= Frank Barsotti =

American photographer (1937–2012)

Franco A. "Frank" Barsotti (November 20, 1937, - June 6, 2012) was an American photographer. Youngest of three children, he was born and raised in Chicago's historic Pullman area by Italian immigrant parents. Italy, where he returned often, was a common theme through much of his work, such as the series Italy 1974 and White.

His noted series Artigiano consists of photographs of tools hand-made by his father.

Though trained in traditional black-and-white photography, Franco embraced digital technology and was one of the earliest professors to work with digital photography.

Franco received a Bachelor of Science Degree in Photography from the Institute of Design at Illinois Institute of Technology, where he studied under Harry Callahan and Aaron Siskind. He attended the graduate program in photography at Ohio University in Athens, Ohio, and received a Master of Fine Arts in Photography from the School of the Art Institute of Chicago, where he also taught for 38 years.

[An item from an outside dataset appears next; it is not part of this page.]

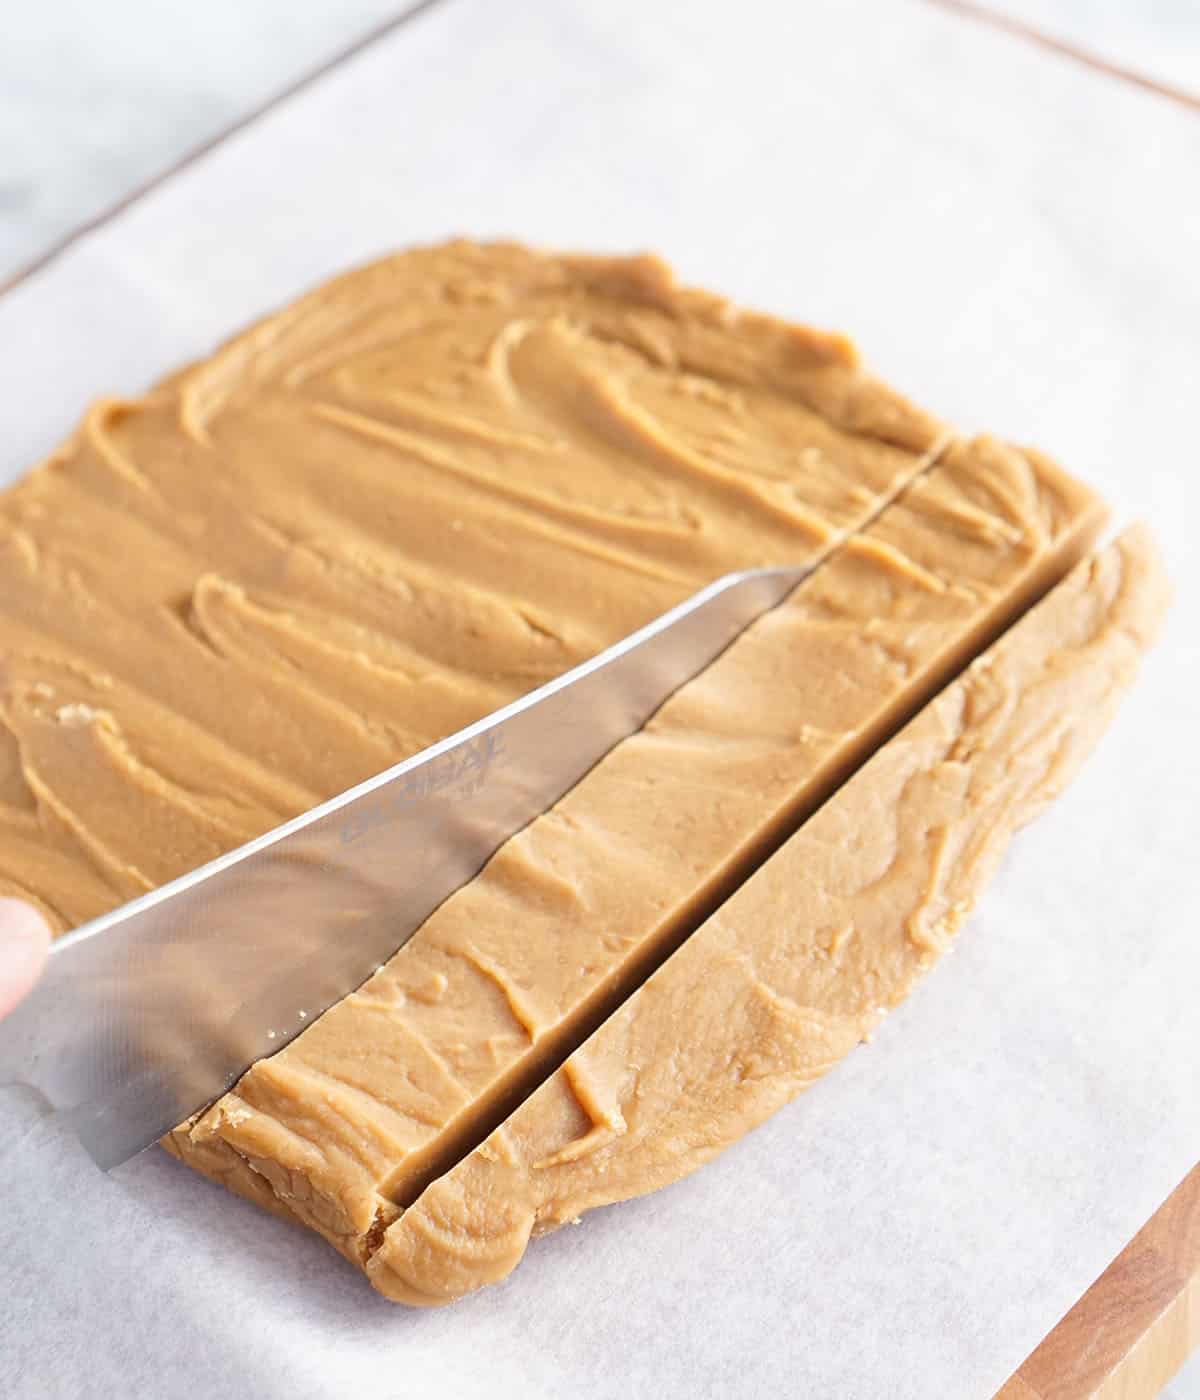 Peanut butter fudge getting cut into squares.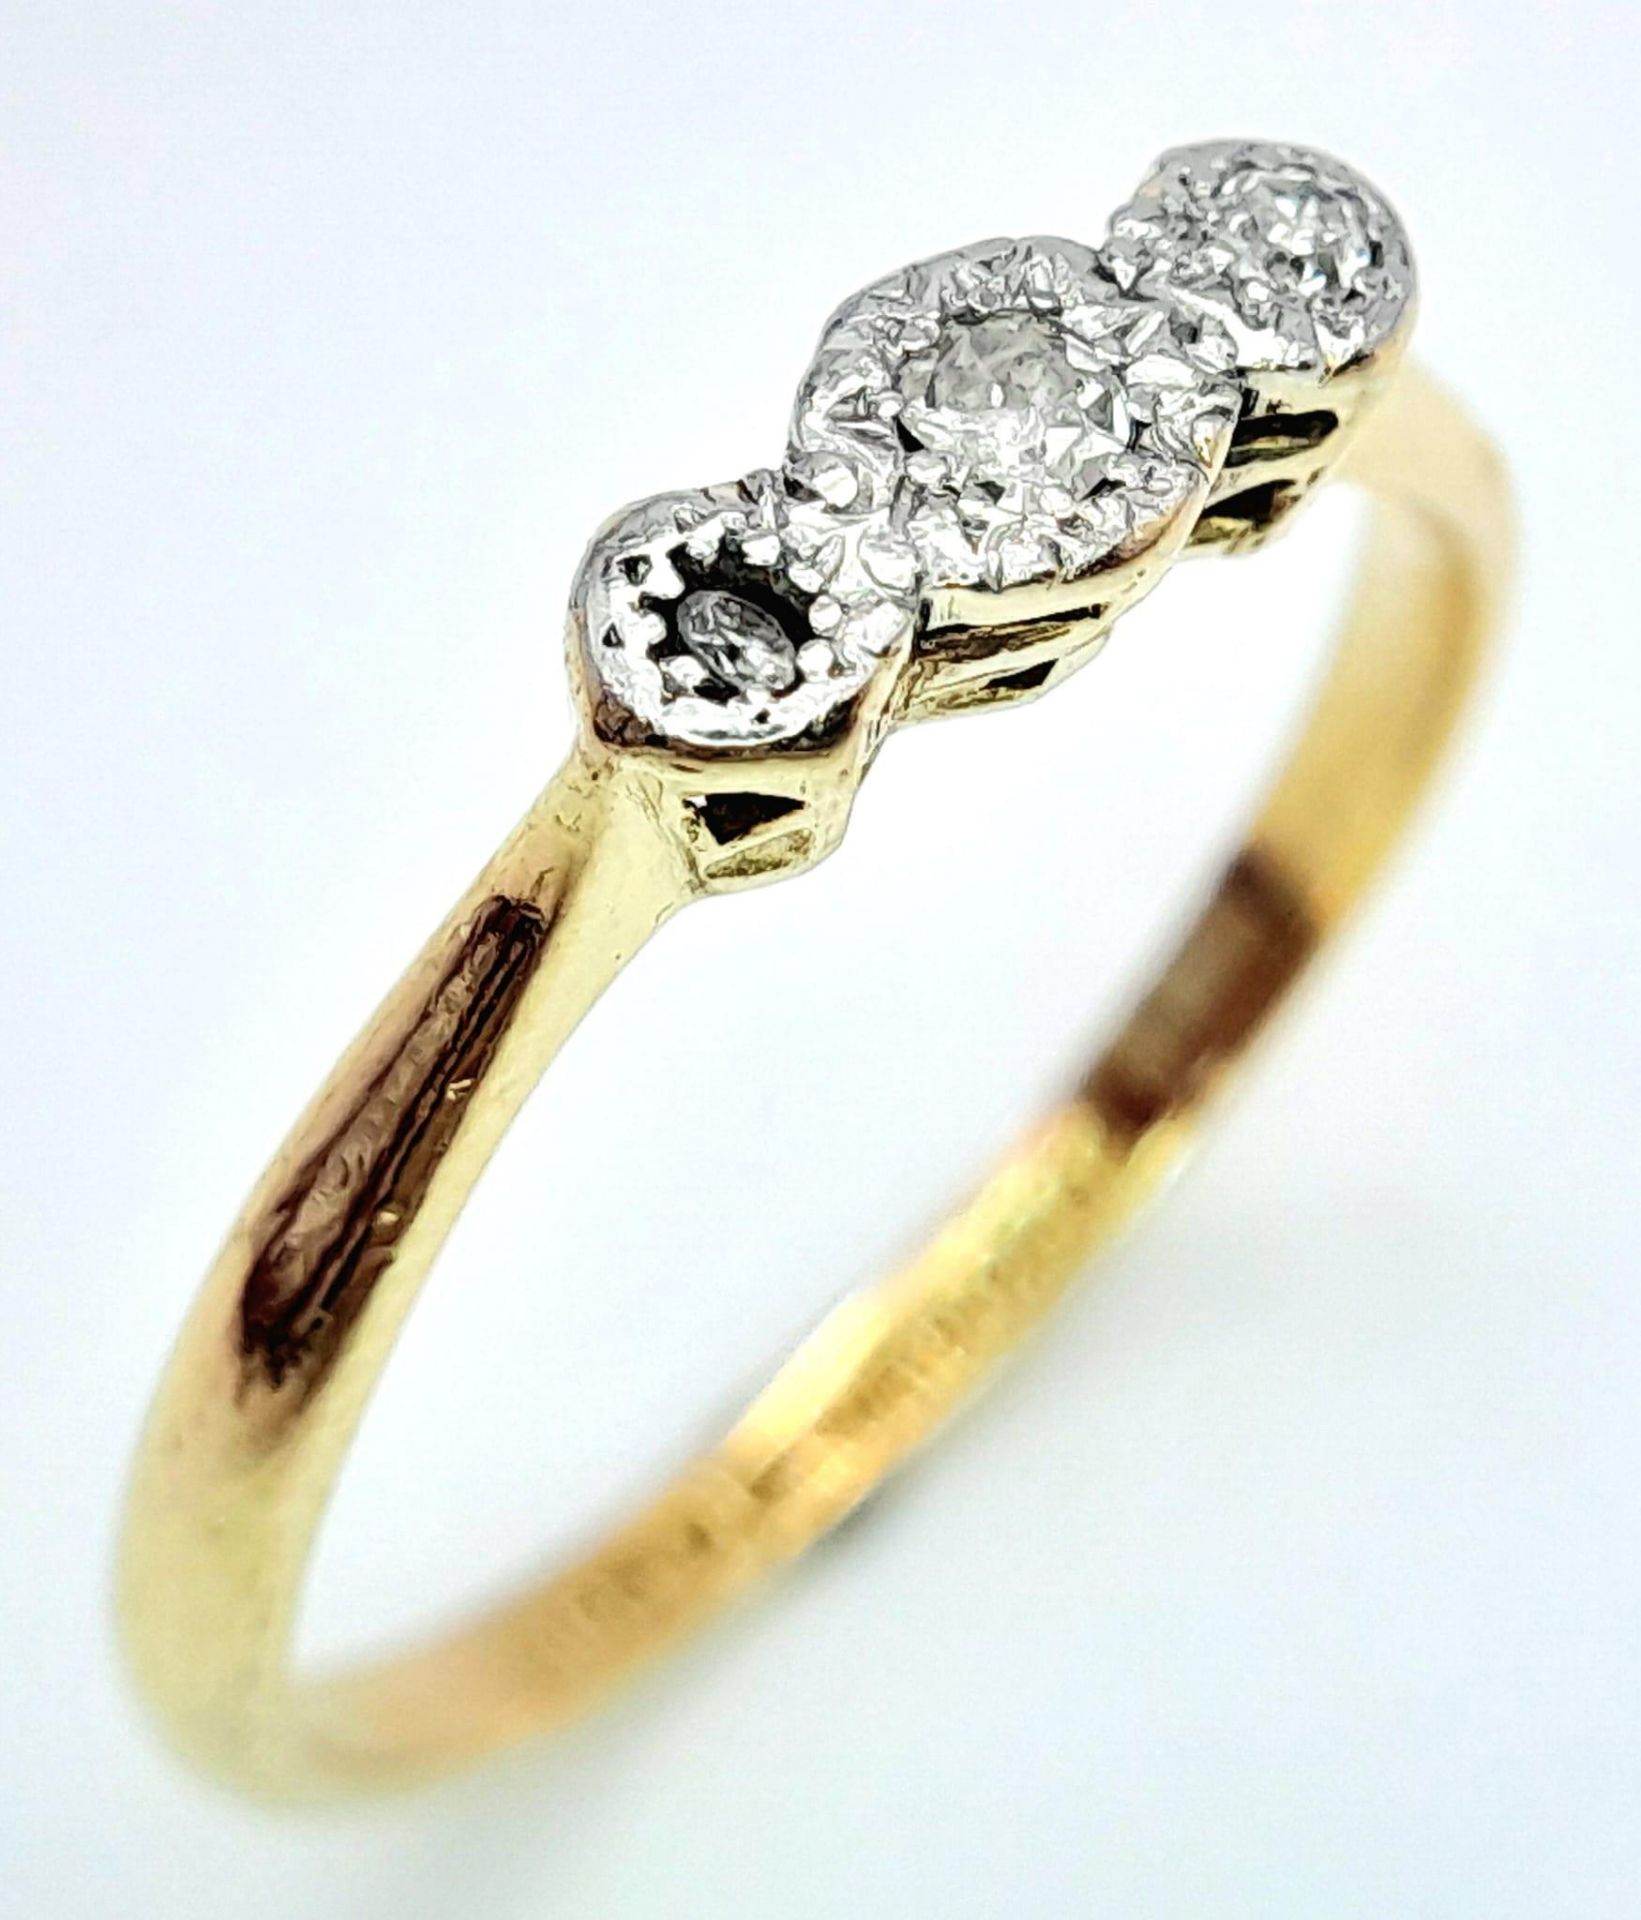 AN 18K YELLOW GOLD & PLATINUM VINTAGE 3 STONE DIAMOND RING. 2.3G. SIZE P - Image 3 of 6

The following is an excerpt from a statement from the School of the Art Institute of Chicago upon Frank Barsotti's death on June 6, 2012:

While teaching at the SAIC, Frank completed his MFA (1969), and a suite of his black-and-white photographs from this period are in the permanent collection of the Art Institute of Chicago. Along with Professor Fred Endsley, Frank was one of the first faculty members to experiment with digital technology. He was an intrepid maker, and early on, championed alternative and non-silver processes, and what was then considered radical digital processes. Frank was a passionate and dedicated teacher, unafraid to deliver forceful opinions on art and education. He believed strongly in the art school process of dialogue, experimentation, and critique, and this legacy endures in his department and beyond.

Though living in Washington State for the [last] 10 years [of his life], Frank was born and raised in Chicago's historic Pullman area and spent the majority of his life in and dedicated to Chicago. He taught alongside Joyce Niemanas, Barbara Crane, and Ken Josephson, and during his years at SAIC taught nearly 2,000 students.